Adapted from https://blog.paperspace.com/train-yolov5-custom-data/#convert-the-annotations-into-the-yolo-v5-format

## Set up for YOLO training

In [None]:
yolo_version = "yolov5"
!git clone https://github.com/ultralytics/yolov5

In [None]:
!pip install -r yolov5/requirements.txt

In [None]:
#import torch
from IPython.display import Image  # for displaying images
import os 
import random
import shutil
from sklearn.model_selection import train_test_split
import xml.etree.ElementTree as ET
#from xml.dom import minidom
from tqdm import tqdm
from PIL import Image, ImageDraw
import numpy as np
import matplotlib.pyplot as plt
import distutils.dir_util
import yaml
import csv
#from google.colab import files

random.seed(108)

## Setup file paths 

In [None]:
src_path = os.getcwd()
base_path, _ = os.path.split(src_path)
data_filename = "FireNet.zip"
data_path = os.path.join(base_path,"data")
annotations_path = os.path.join(data_path,"FireNet_ObjectDetection")
images_path = os.path.join(data_path,"FireNet_Images")

## Donload and unzip data

In [None]:
if not os.path.exists(data_path):
    os.makedirs(data_path)
    !wget --content-disposition -nc https://rdr.ucl.ac.uk/ndownloader/articles/9137798/versions/1 -O "$data_filename"
    !unzip "$data_filename"
    !unzip -q /content/FireNet_Images.zip  -d  "$images_path"
    !unzip -q /content/FireNet_ObjectDetection.zip -d  "$annotations_path"

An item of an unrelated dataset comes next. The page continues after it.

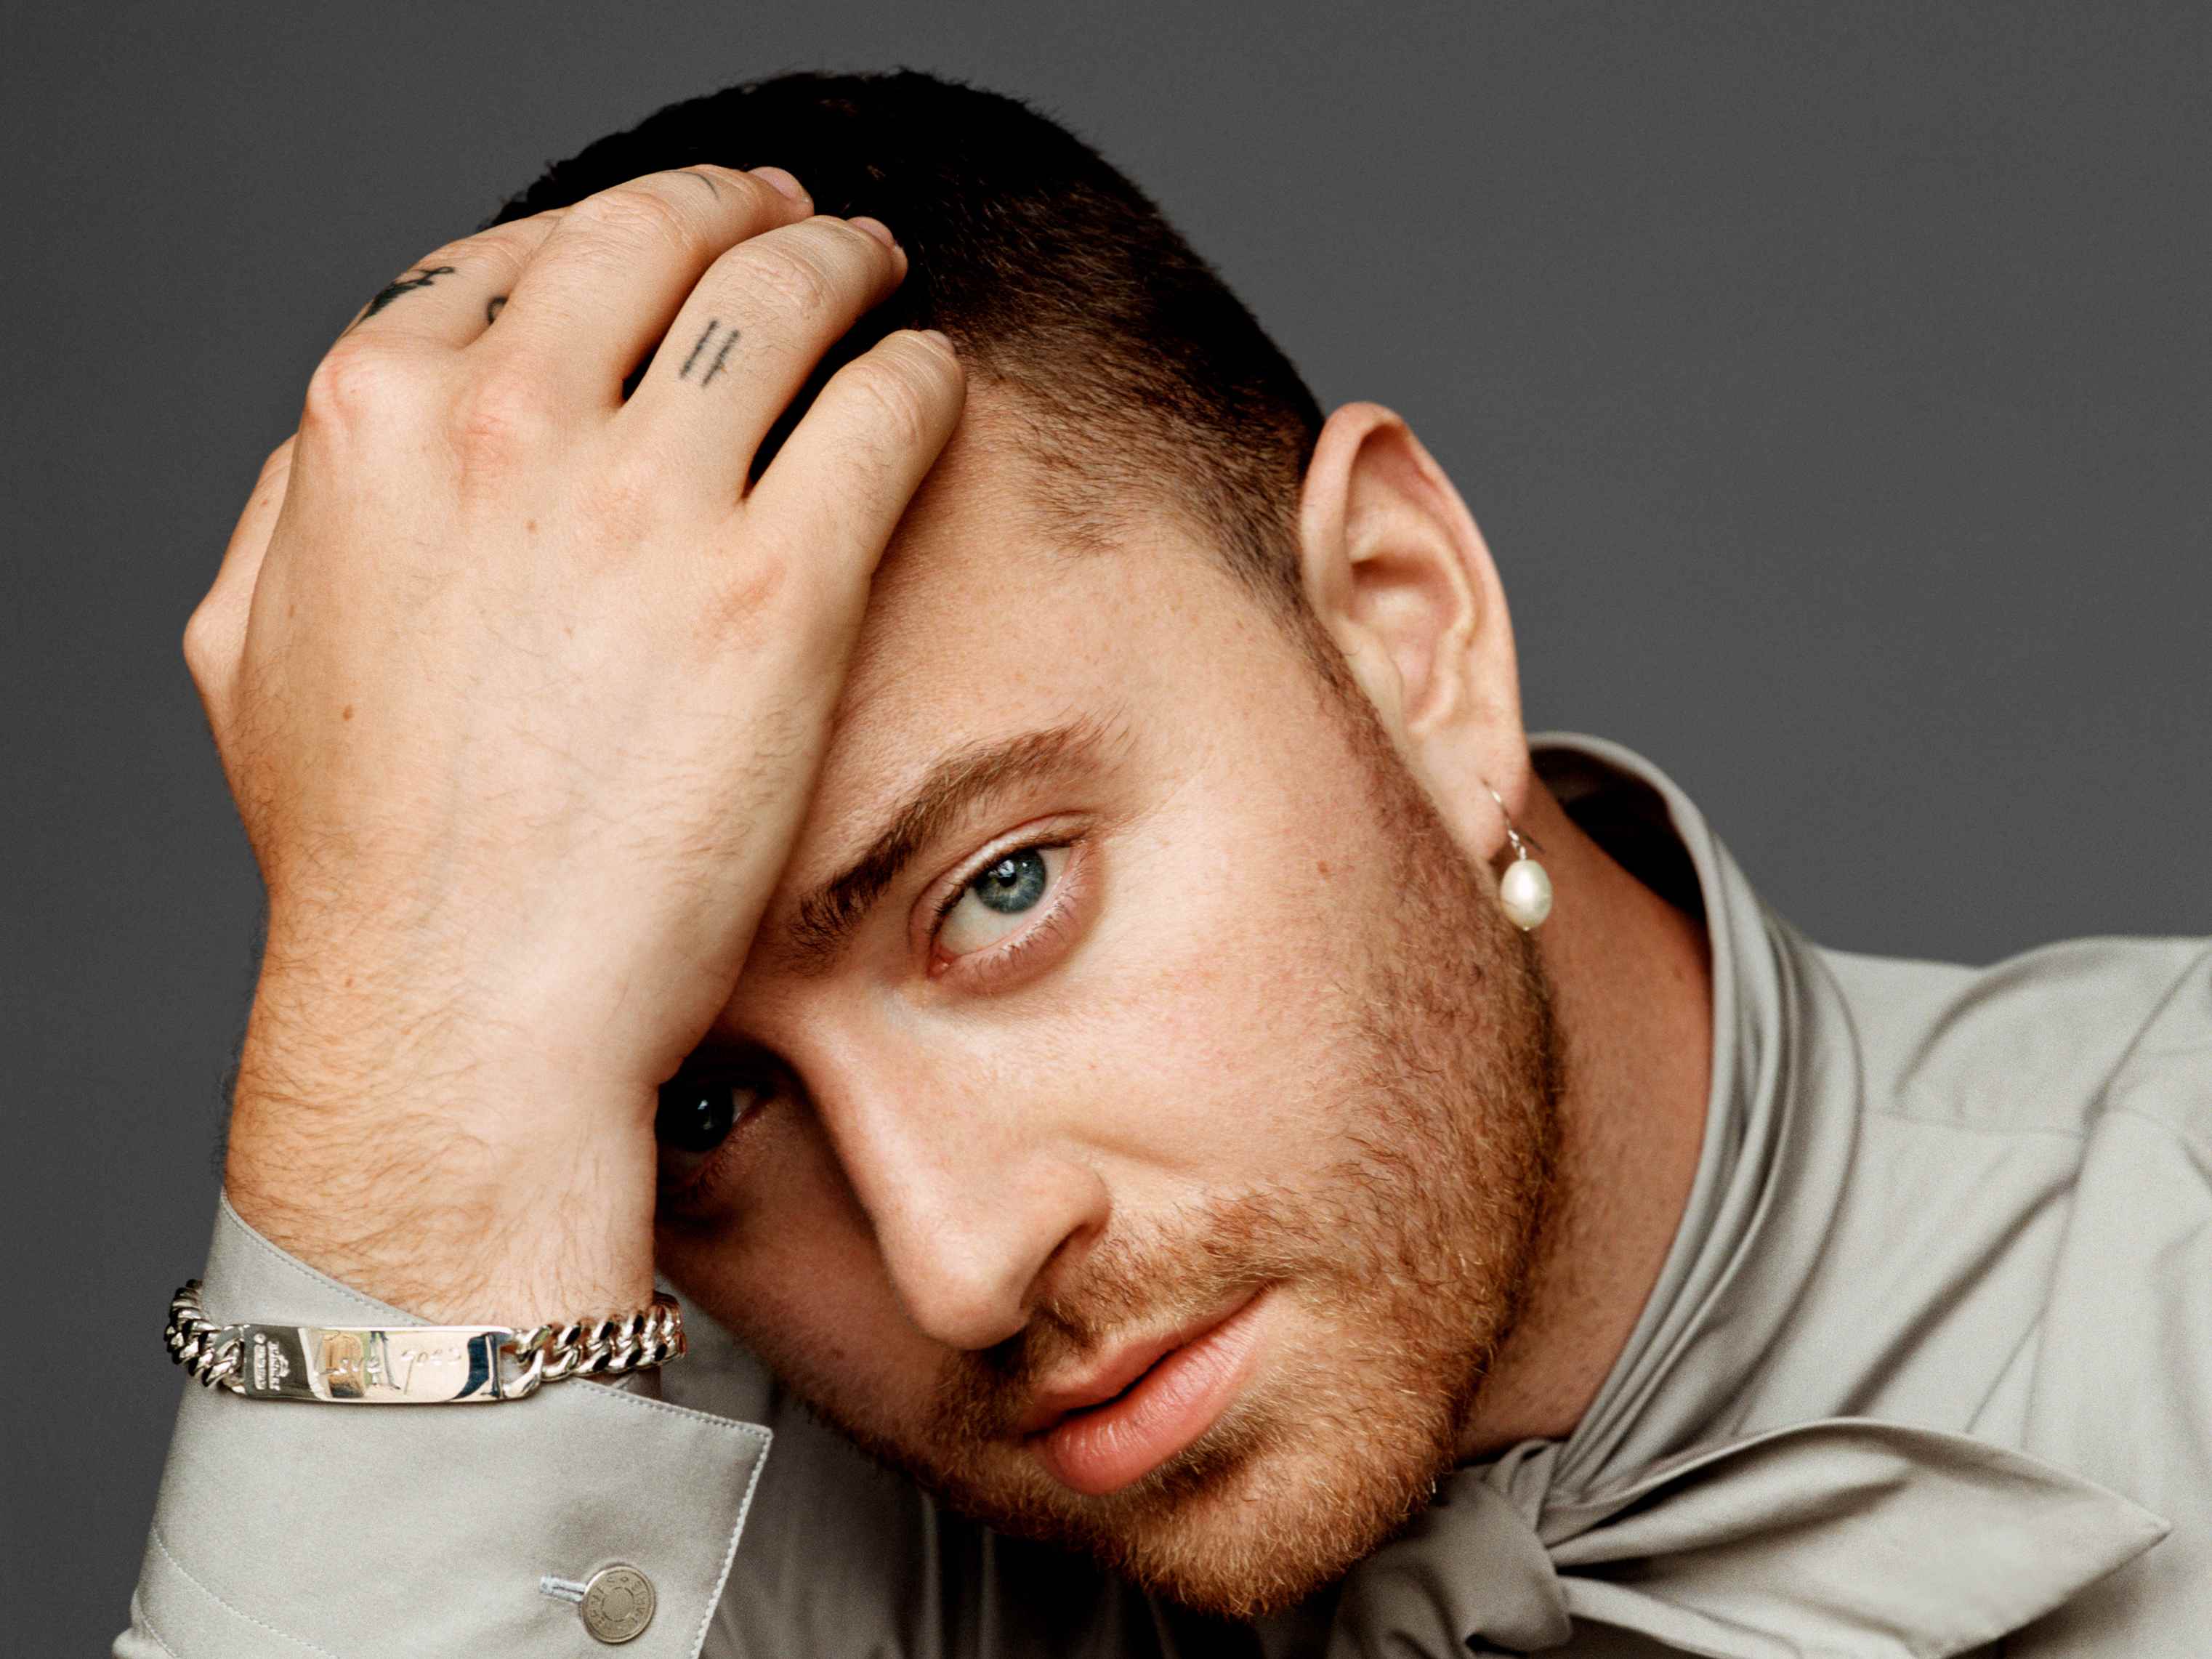 Sam Smith, Biography, Songs, & Facts

## Convert the Annotations into the YOLO v5 Format

In [None]:
# Function to get the data from XML Annotation
def extract_info_from_xml(xml_file):
    root = ET.parse(xml_file).getroot()
    
    # Initialise the info dict 
    info_dict = {}
    info_dict['bboxes'] = []

    # Parse the XML Tree
    for elem in root:
        # Get the file name 
        if elem.tag == "filename":
            info_dict['filename'] = elem.text
            
        # Get the image size
        elif elem.tag == "size":
            image_size = []
            for subelem in elem:
                image_size.append(int(subelem.text))
            
            info_dict['image_size'] = tuple(image_size)
        
        # Get details of the bounding box 
        elif elem.tag == "object":
            bbox = {}
            for subelem in elem:
                if subelem.tag == "name":
                    bbox["class"] = subelem.text
                    
                elif subelem.tag == "bndbox":
                    for subsubelem in subelem:
                        bbox[subsubelem.tag] = int(subsubelem.text)            
            info_dict['bboxes'].append(bbox)
    
    return info_dict

In [None]:
labels_file = os.path.join(data_path, "FireNet_labels.csv")
with open(labels_file, mode='r') as in_file:
    reader = csv.reader(in_file)
    next(reader) # Skipping header 
    class_name_to_id_mapping = {rows[1]:(int(rows[0])-1) for rows in reader}
print(class_name_to_id_mapping)

In [None]:
# Convert the info dict to the required yolo format and write it to disk
def convert_to_yolov5(info_dict):
    print_buffer = []
    
    # For each bounding box
    for b in info_dict["bboxes"]:
        try:
            class_id = class_name_to_id_mapping[b["class"]]
        except KeyError:
            print("Invalid Class. Must be one from ", class_name_to_id_mapping.keys())
        
        # Transform the bbox co-ordinates as per the format required by YOLO v5
        b_center_x = (b["xmin"] + b["xmax"]) / 2 
        b_center_y = (b["ymin"] + b["ymax"]) / 2
        b_width    = (b["xmax"] - b["xmin"])
        b_height   = (b["ymax"] - b["ymin"])
        
        # Normalise the co-ordinates by the dimensions of the image
        image_w, image_h, image_c = info_dict["image_size"]  
        b_center_x /= image_w 
        b_center_y /= image_h 
        b_width    /= image_w 
        b_height   /= image_h 
        
        #Write the bbox details to the file 
        print_buffer.append("{} {:.3f} {:.3f} {:.3f} {:.3f}".format(class_id, b_center_x, b_center_y, b_width, b_height))
    
    # Name of the file which we have to save 
    save_file_name = os.path.join(annotations_path, info_dict["filename"].replace("jpg", "txt"))
    # Save the annotation to disk
    print("\n".join(print_buffer), file= open(save_file_name, "w"))

In [None]:
# Get the annotations
annotations = [os.path.join(annotations_path, x) for x in os.listdir(annotations_path) if x[-3:] == "xml"]
annotations.sort()

# Convert and save the annotations
for ann in tqdm(annotations):
    info_dict = extract_info_from_xml(ann)
    convert_to_yolov5(info_dict)
annotations = [os.path.join(annotations_path, x) for x in os.listdir(annotations_path) if x[-3:] == "txt"]

In [None]:
def plot_bounding_box(image, annotation_list,class_id_to_name_mapping):
    annotations = np.array(annotation_list)
    w, h = image.size
    
    plotted_image = ImageDraw.Draw(image)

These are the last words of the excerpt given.